═══ DATA SHOWN
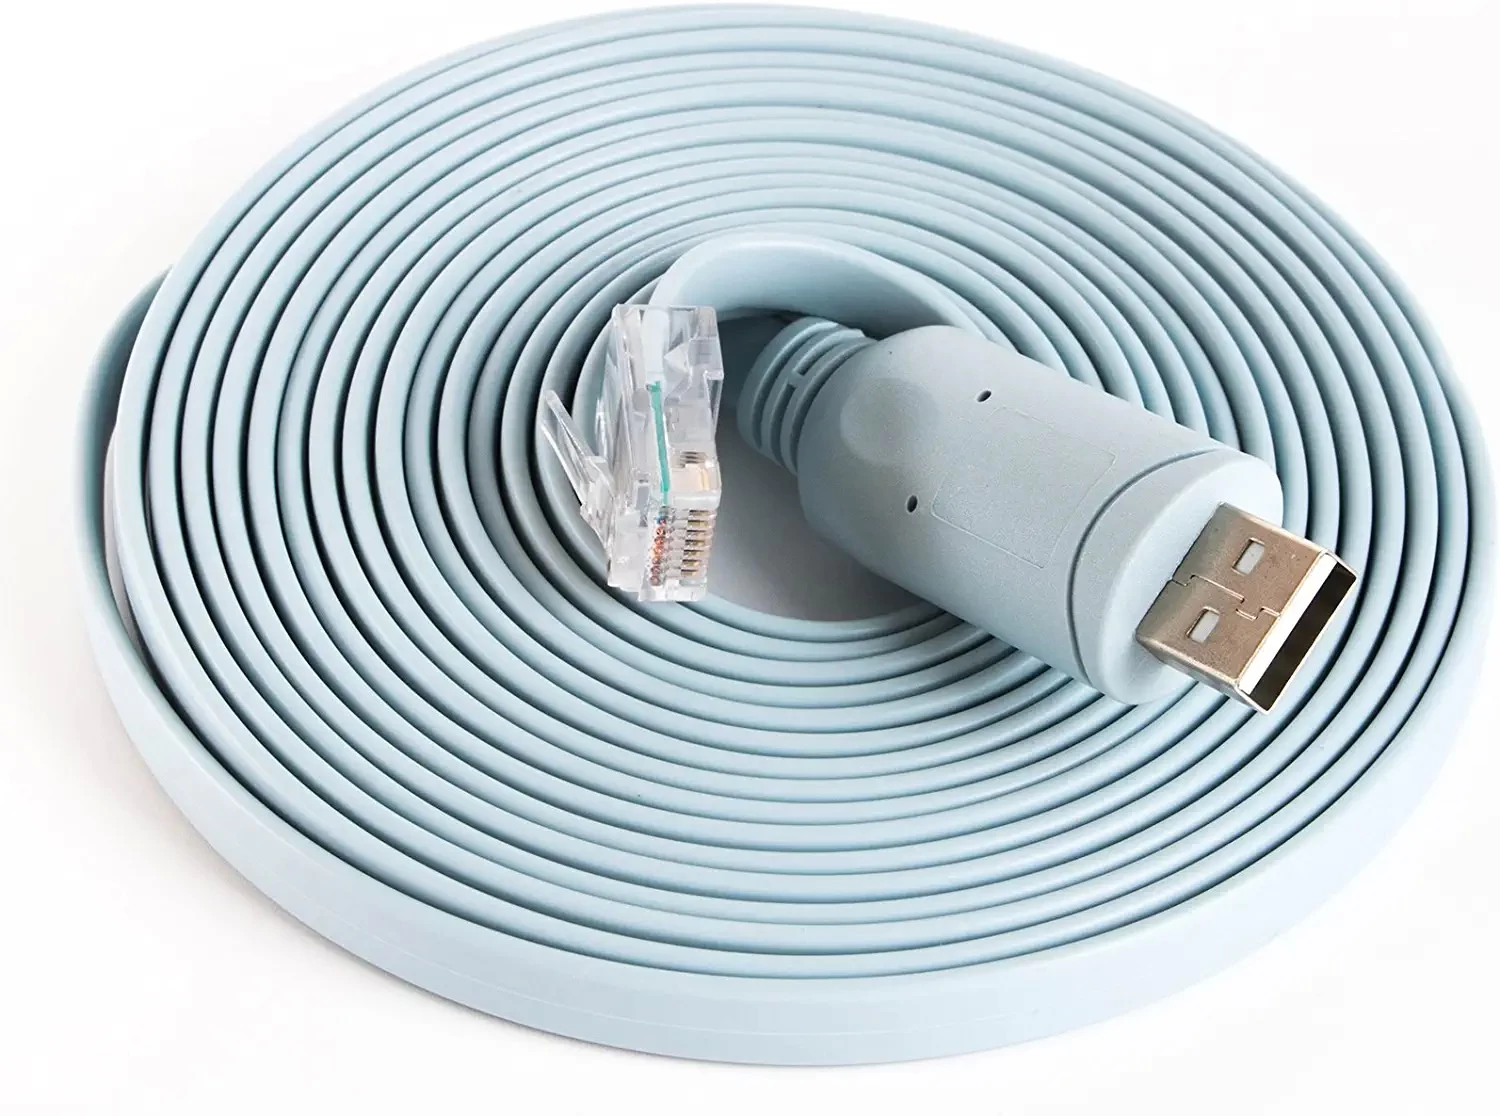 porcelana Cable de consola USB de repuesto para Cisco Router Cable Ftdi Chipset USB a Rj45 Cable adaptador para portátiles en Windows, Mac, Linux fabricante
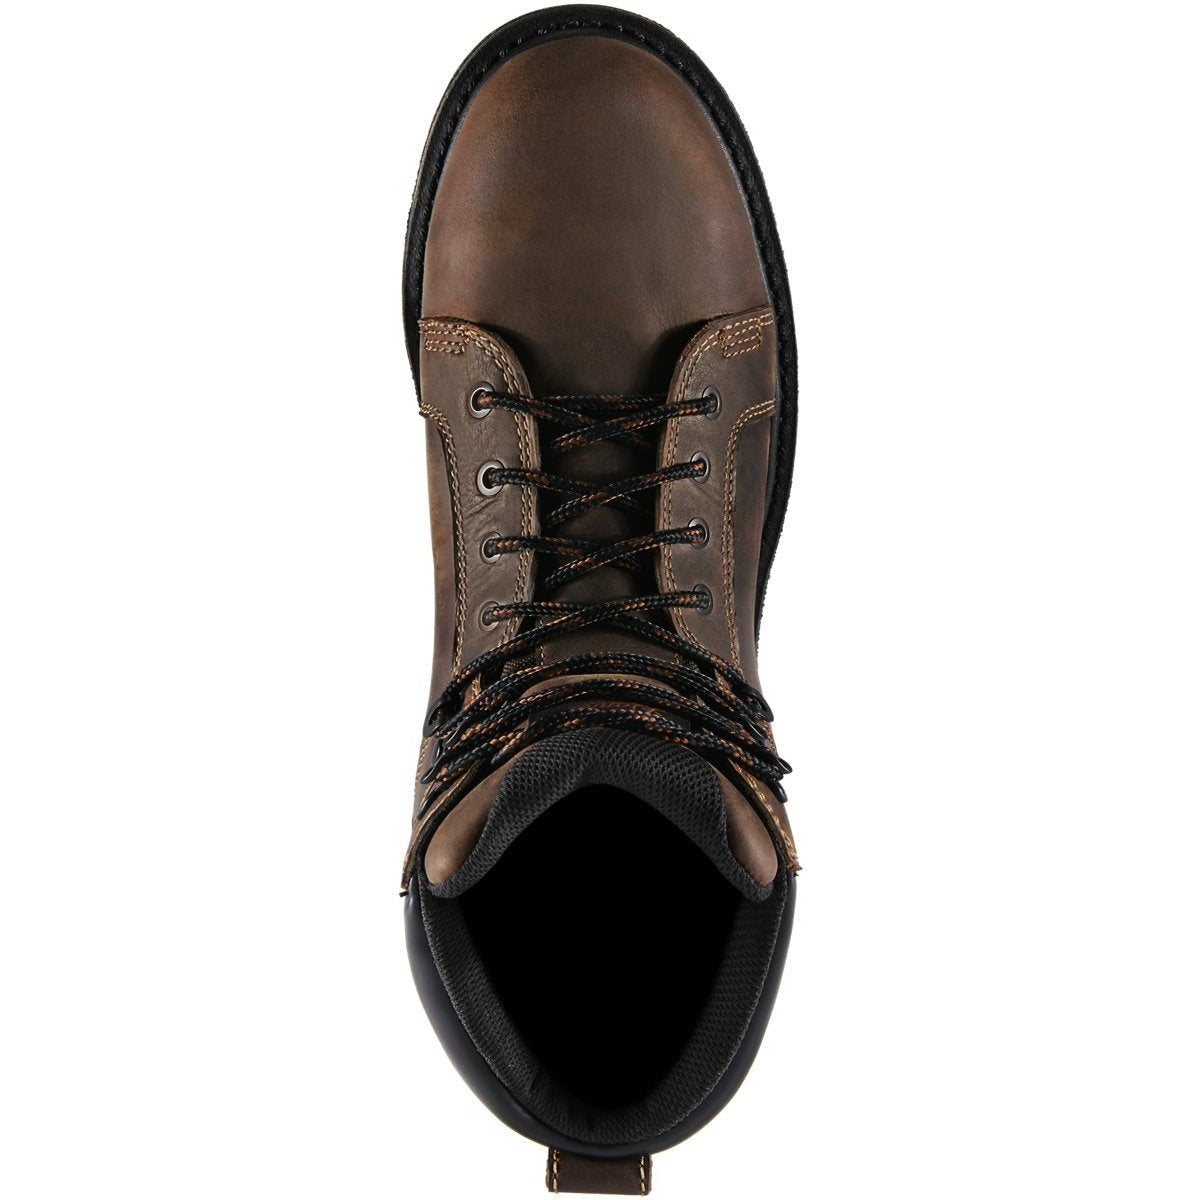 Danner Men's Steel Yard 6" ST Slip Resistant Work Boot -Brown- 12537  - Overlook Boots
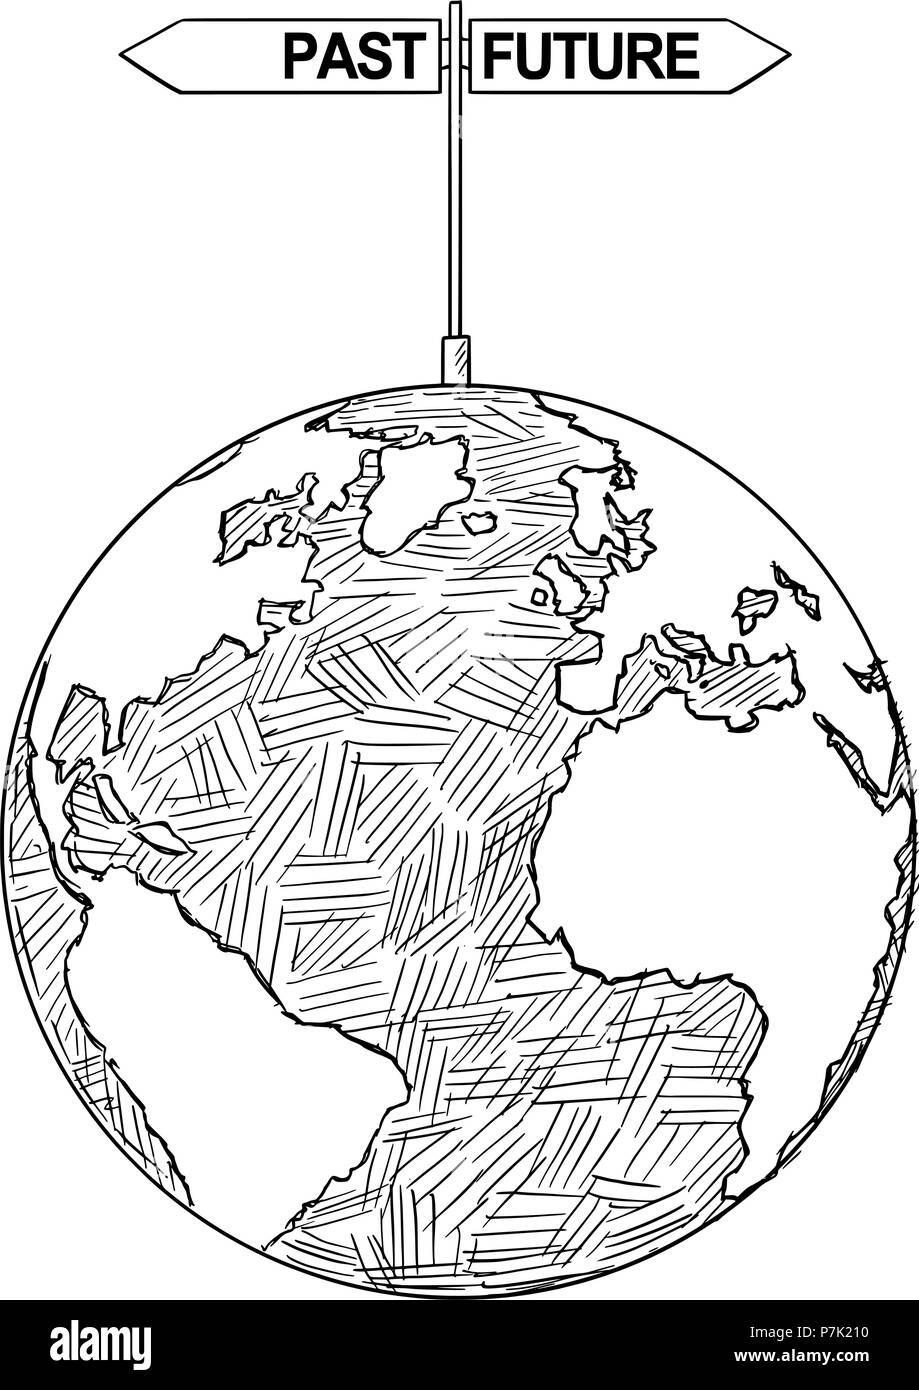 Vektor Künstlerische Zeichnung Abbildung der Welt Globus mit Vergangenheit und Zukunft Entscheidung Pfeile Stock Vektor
══════
▸ TASK ITEM: Leave the pictures out and return the rest of the material exactly.

▸ WRITTEN SOLUTION:
 porcelana Cable de consola USB de repuesto para Cisco Router Cable Ftdi Chipset USB a Rj45 Cable adaptador para portátiles en Windows, Mac, Linux fabricante
 Danner Men's Steel Yard 6" ST Slip Resistant Work Boot -Brown- 12537  - Overlook Boots
 Vektor Künstlerische Zeichnung Abbildung der Welt Globus mit Vergangenheit und Zukunft Entscheidung Pfeile Stock Vektor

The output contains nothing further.